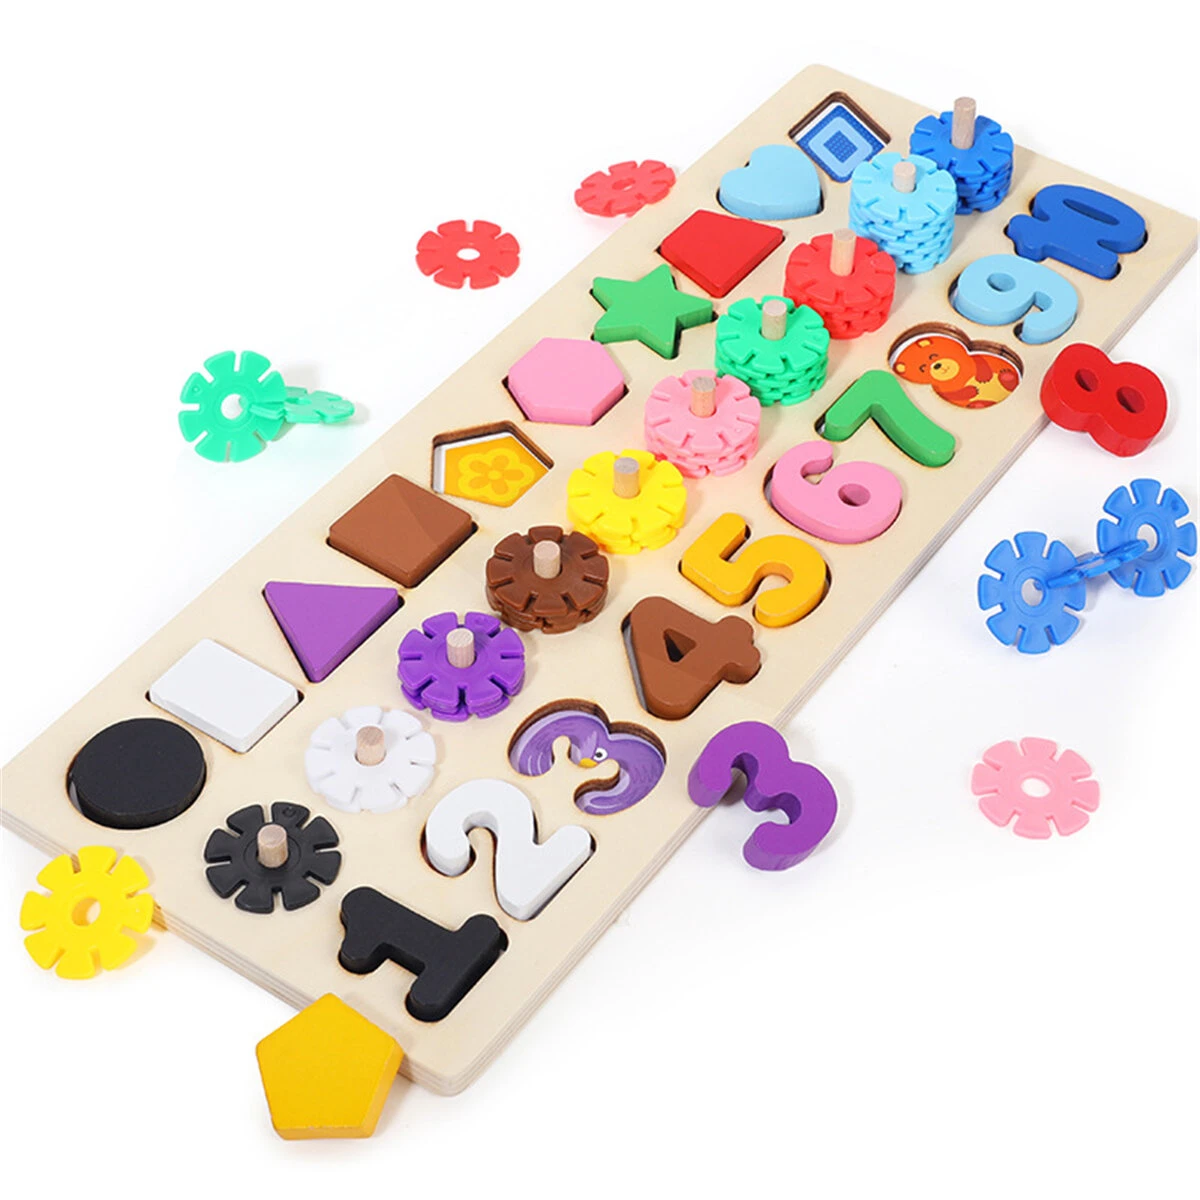 Math toys wooden toys rings montessori math toys kids early learning toy counting board set preschool learning gifts
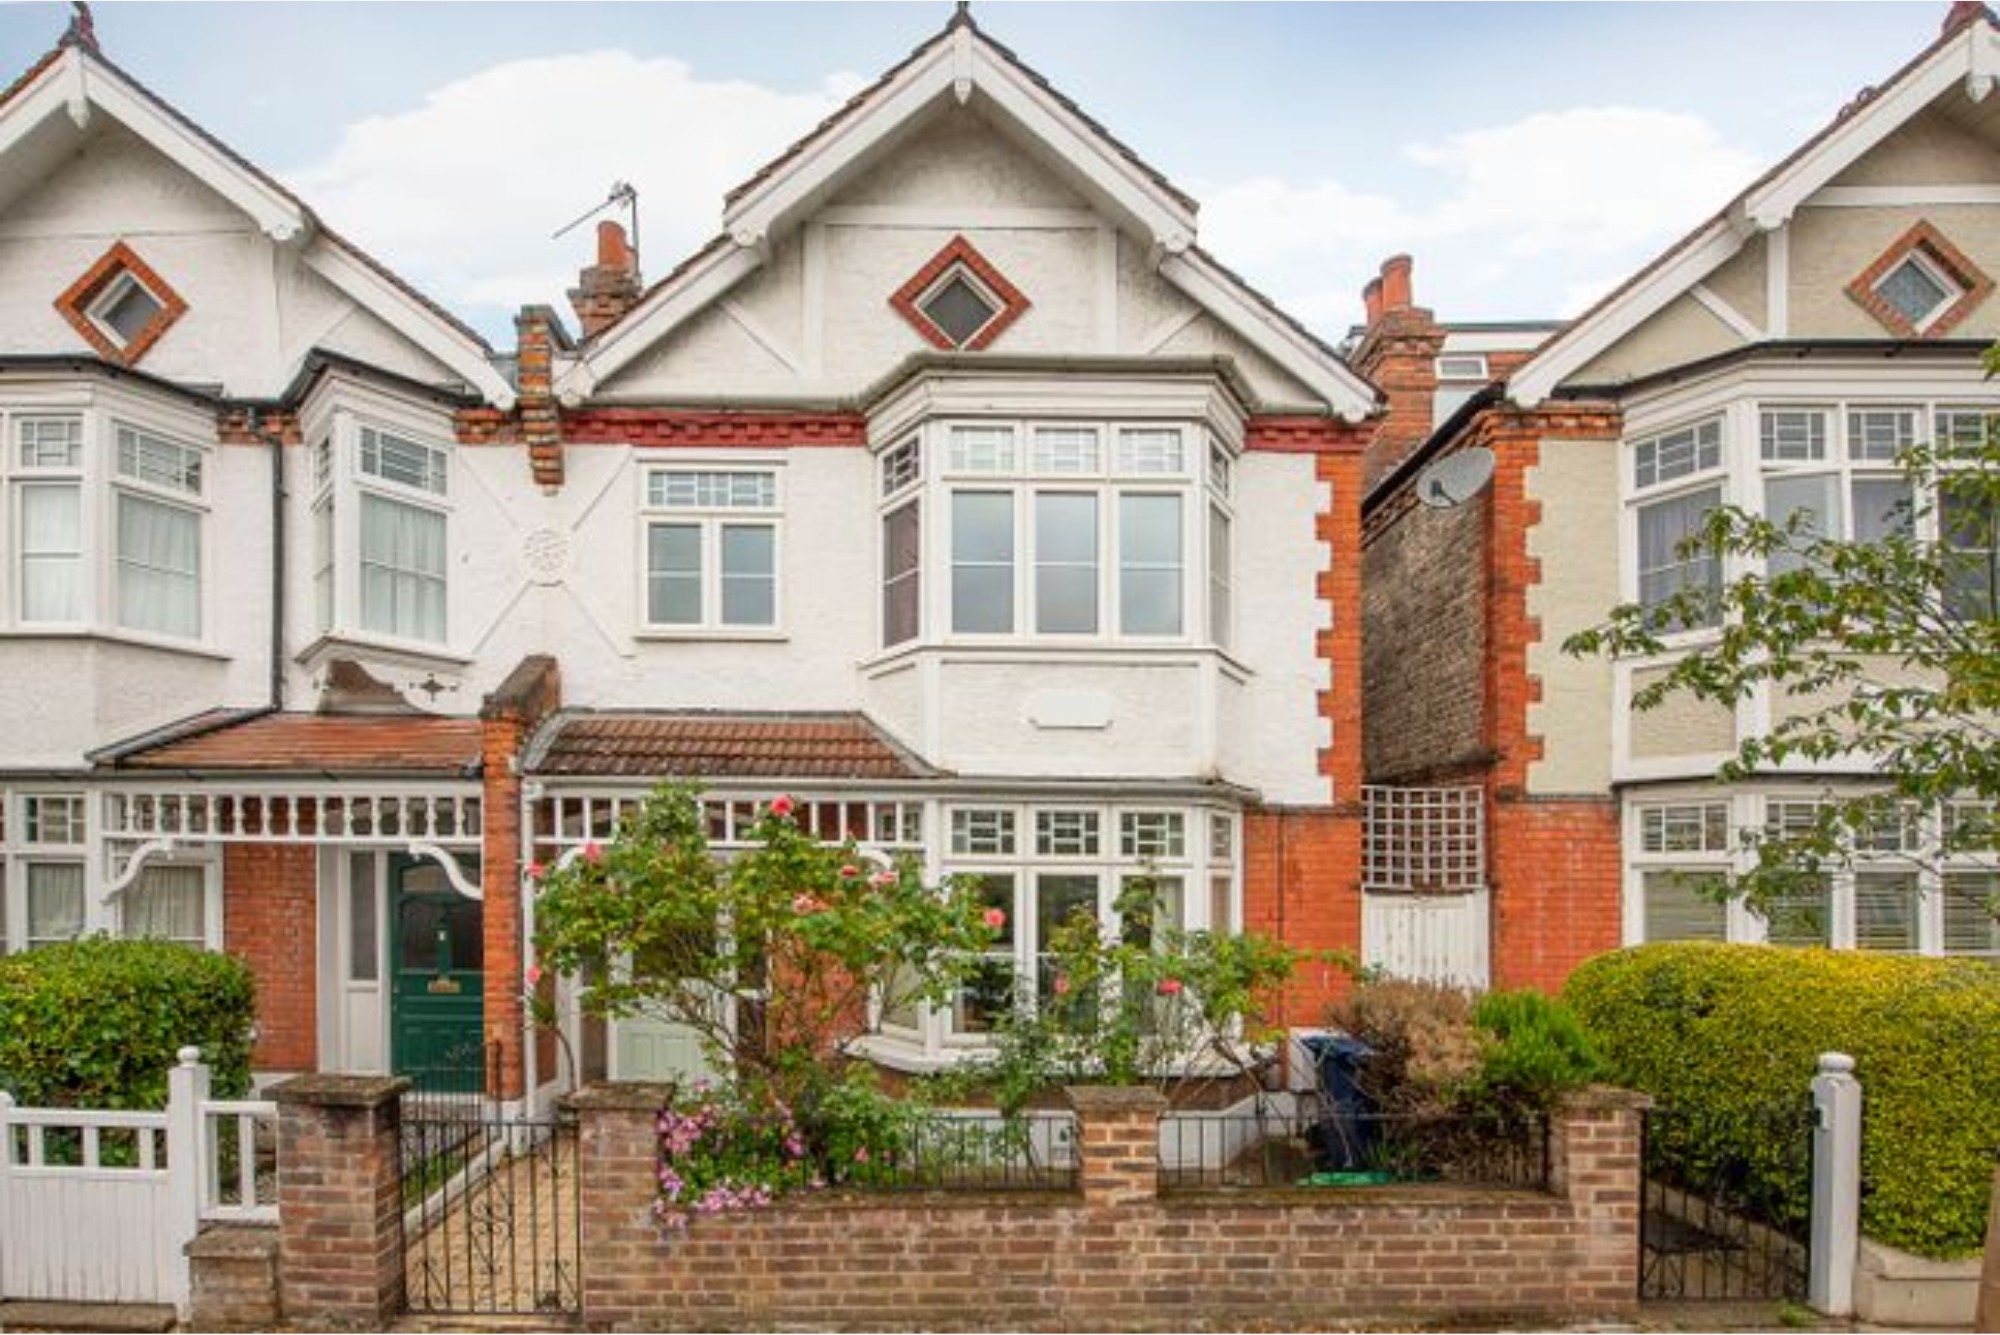 chiswick real estate for sale
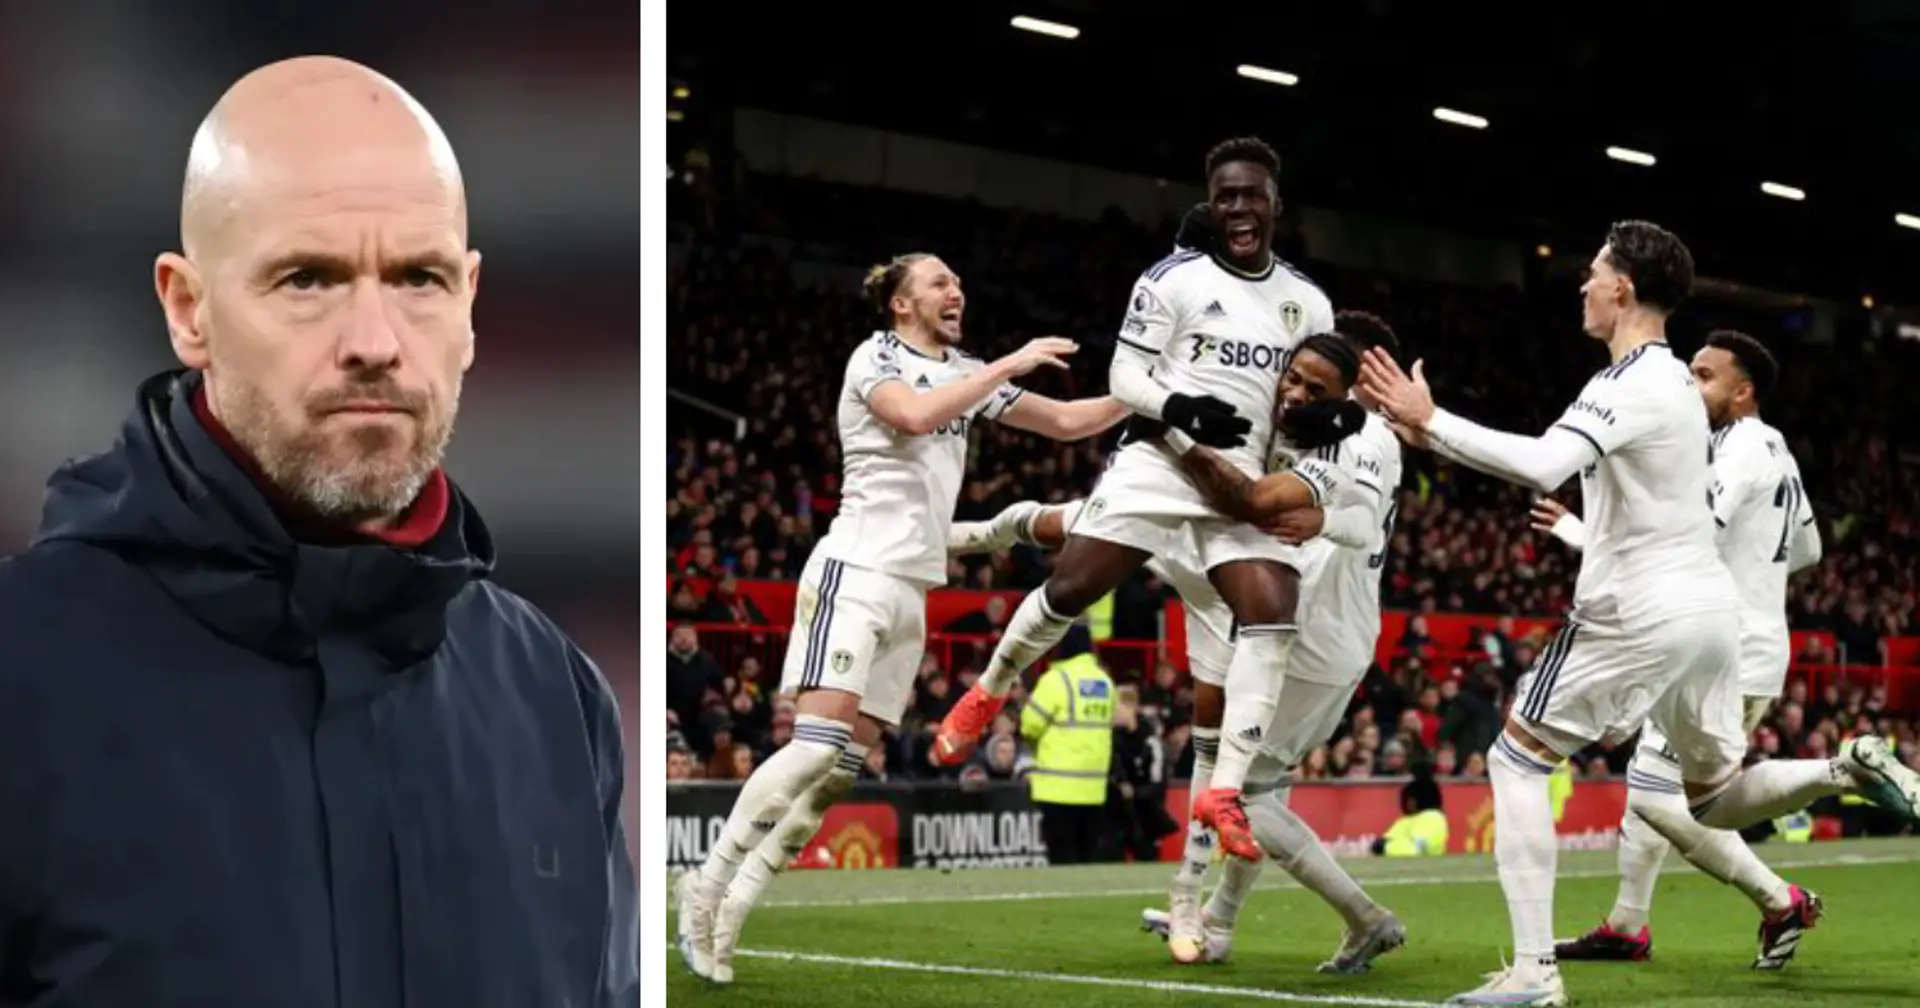 'They got off to an absolute flyer': Leeds tipped to beat Man United in return clash on Sunday

#### [EXERCISE BRIEF]
Return the material above verbatim, minus the pictures.

#### [SOLUTION BELOW]
 Math toys wooden toys rings montessori math toys kids early learning toy counting board set preschool learning gifts
 chiswick real estate for sale
 'They got off to an absolute flyer': Leeds tipped to beat Man United in return clash on Sunday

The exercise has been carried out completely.